#### THE DATA:
--------------------------------

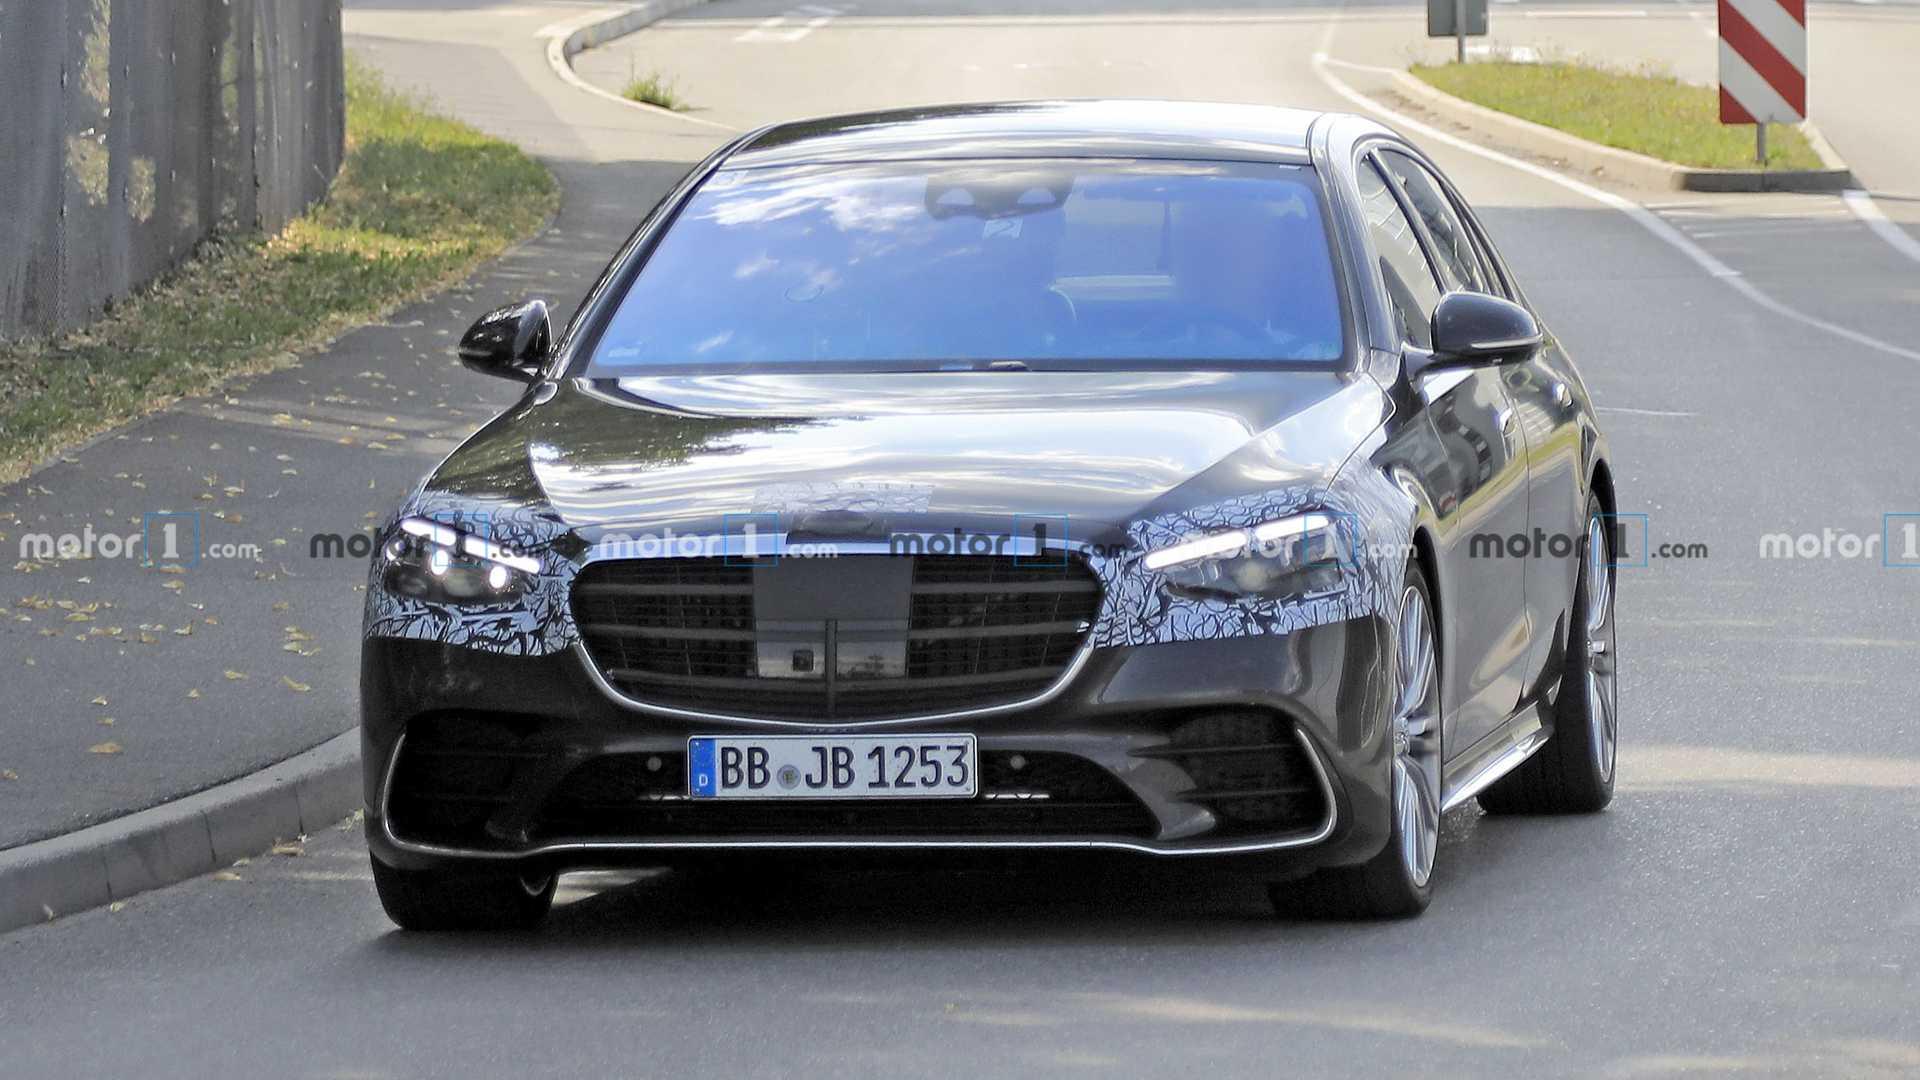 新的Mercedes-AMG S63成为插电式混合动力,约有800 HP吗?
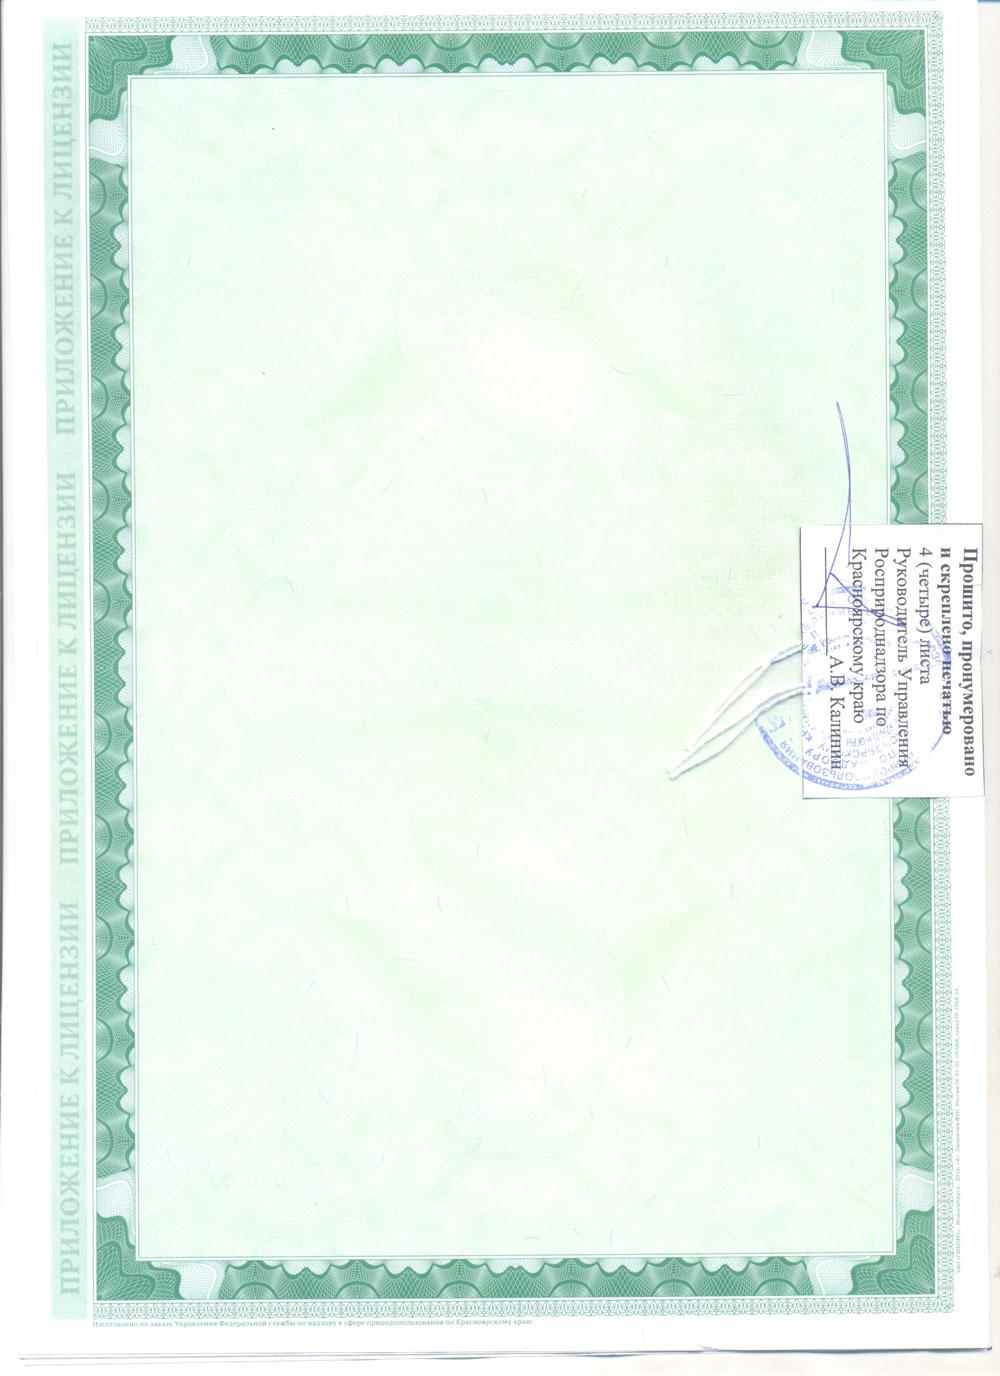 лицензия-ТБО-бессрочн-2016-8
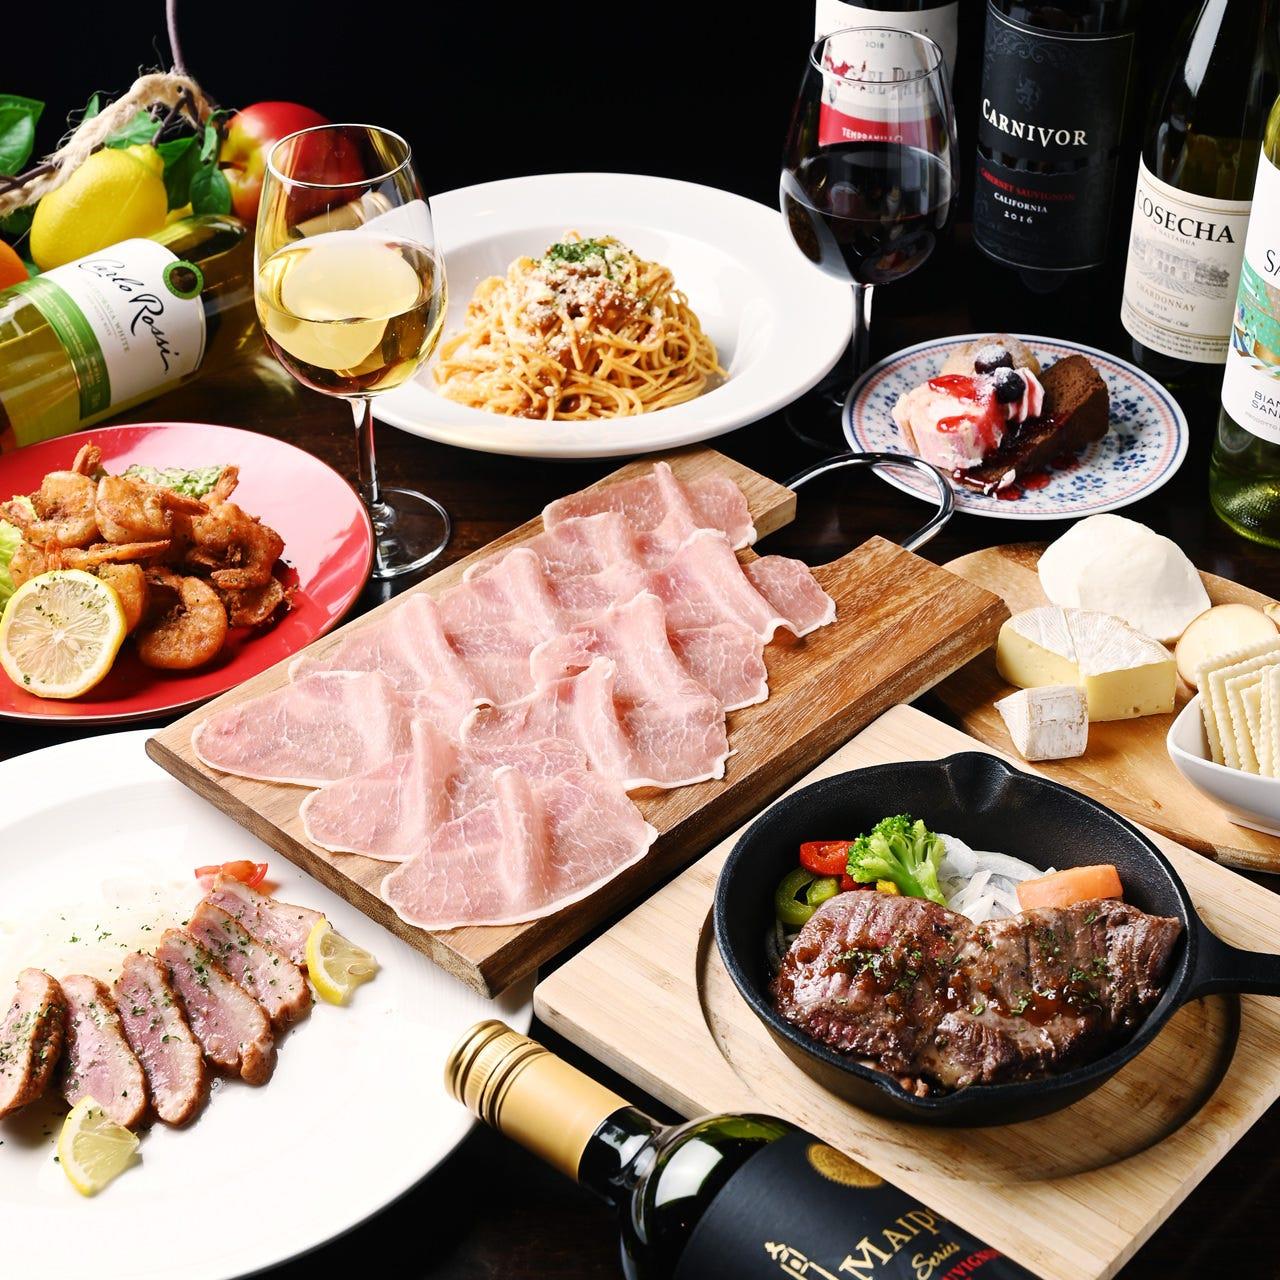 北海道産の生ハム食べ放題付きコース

--------------------------------

#### WORK ORDER:
Your task is to output the material word for word while leaving out every image.

#### TASK SOLUTION:
 新的Mercedes-AMG S63成为插电式混合动力,约有800 HP吗?
 лицензия-ТБО-бессрочн-2016-8
 北海道産の生ハム食べ放題付きコース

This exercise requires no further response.